Trimmed reads were mapped to the homeodomain sequences using bwa (version 0.7.12-r1039) with default parameters. The mapped reads were sorted using SortSam of picard, and duplicated reads were removed using MarkDuplicates of picard. HaplotypeCaller from the Genome Analysis Toolkit GATK (version 4, https://gatk.broadinstitute.org/hc/en-us) was used to estimate the general variant calling file for each individual, and then combined by GenotypeGVCFs to a single variant calling file. Hard filtering of the SNP calls was carried out with Fisher strand bias (FS > 60.0), mapping quality (MQ < 40.0), QualByDepth (QD < 2.0), MappingQualityRankSumTest (MQRankSum < −12.5), ReadPosRankSumTest (ReadPosRankSum < −8.0) as https://gatkforums.broadinstitute.org/gatk/discussion/2806/howto-apply-hard-filters-to-a-call-set. The filtered out SNPs were then annotated with SnpEff (version 4.3 T, http://snpeff.sourceforge.net/index.html)59. The missense mutation of the homeobox domain were manually checked with samtools tview.

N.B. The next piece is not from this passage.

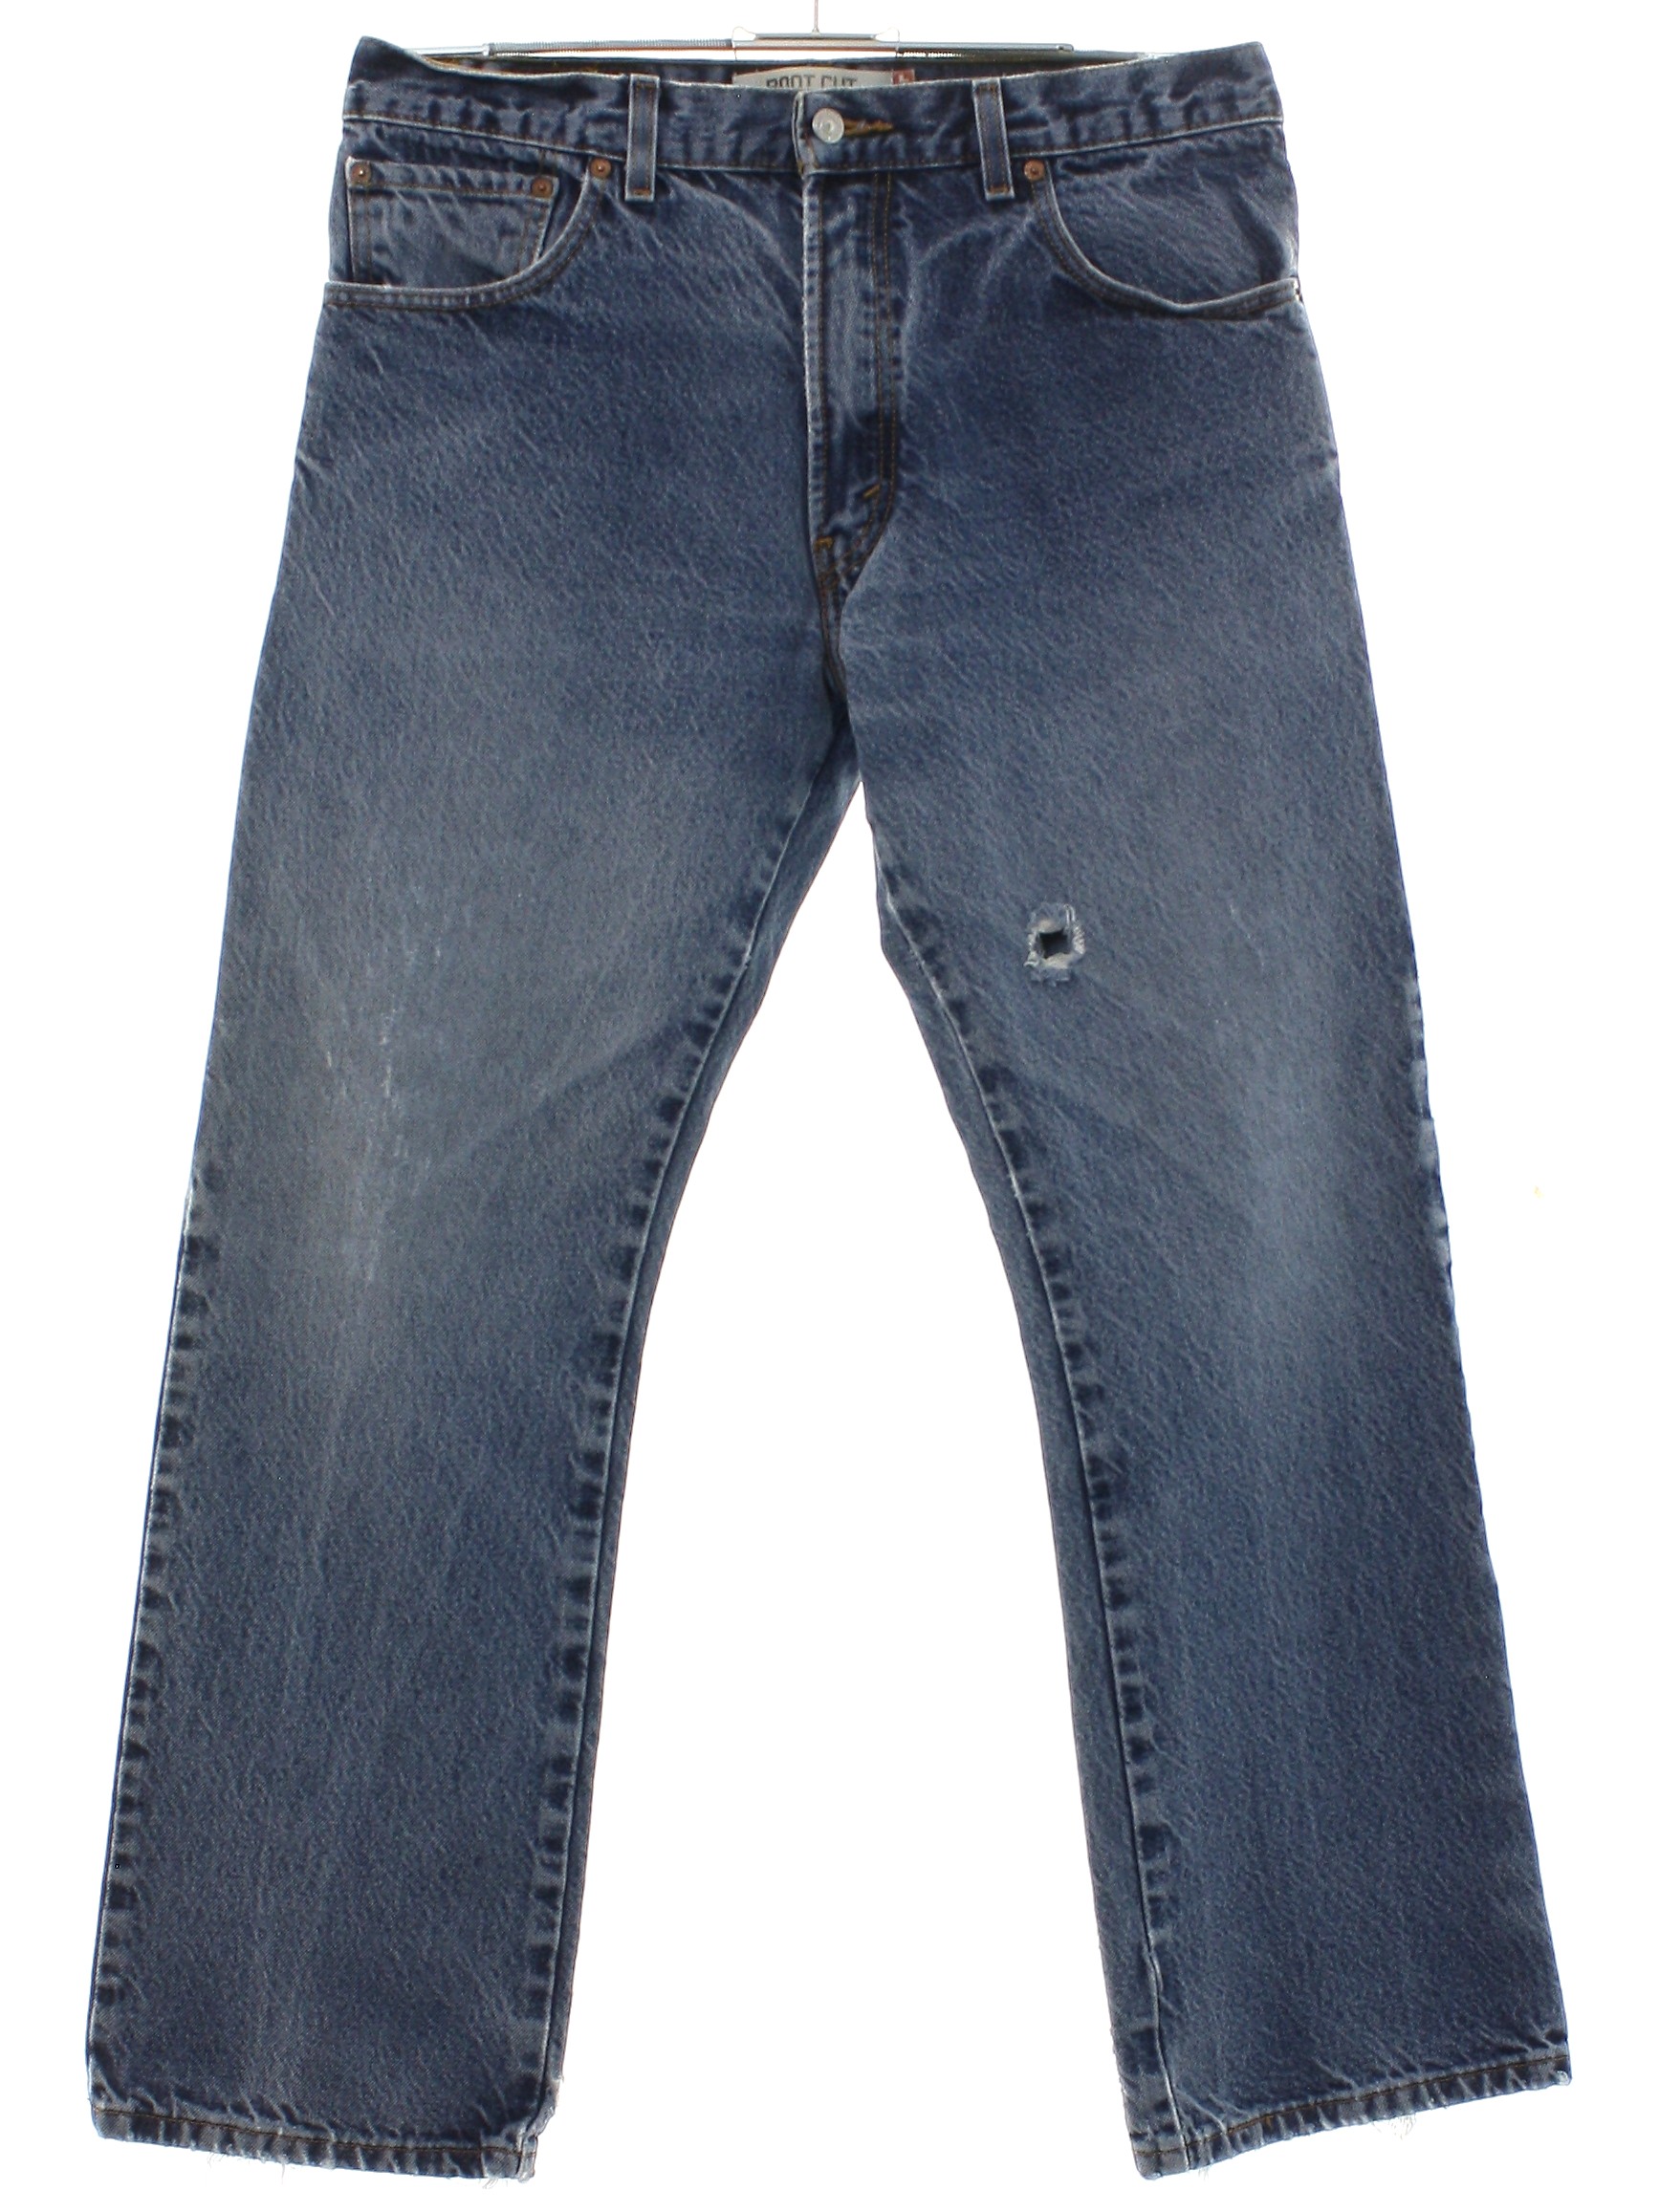 90s Retro Pants: Late 90s or Early y2k 2000s -Levis 517- Mens faded and

MicroRNA arm switching detection
The expression levels of 5p and 3p arms of microRNAs in the horseshoe crabs were calculated based on the number of sequencing reads mapped to the respective arm region in the predicted microRNA hairpin using bowtie/mirDeep2. The expression of different arms of microRNAs from different species were mapped according to the previous method61 or referred to the data from MirGeneDB 2.029. The arm usage ratio (AUR) of each microRNA was calculated using the formula AUR = 5p/(5p + 3p), where 5p and 3p refer to the read counts of predicted 5p and 3p arms, respectively. The AUR ranged from 0 to 1, with smaller values indicating the tendency of 3p preference and larger values indicating the tendency of 5p preference. 5p and 3p dominance was defined where AUR > 0.7 and <0.3, respectively. No arm preference was defined when AUR ranged from 0.3 to 0.7. The overall arm preference (OAP) of each horseshoe crab microRNA was defined by evaluating their arm dominance in multiple tissue samples. If more than 70% of all tissue samples showed one type of arm dominance, then this type of arm dominance was defined as the OAP of this microRNA. Otherwise, no OAP was defined.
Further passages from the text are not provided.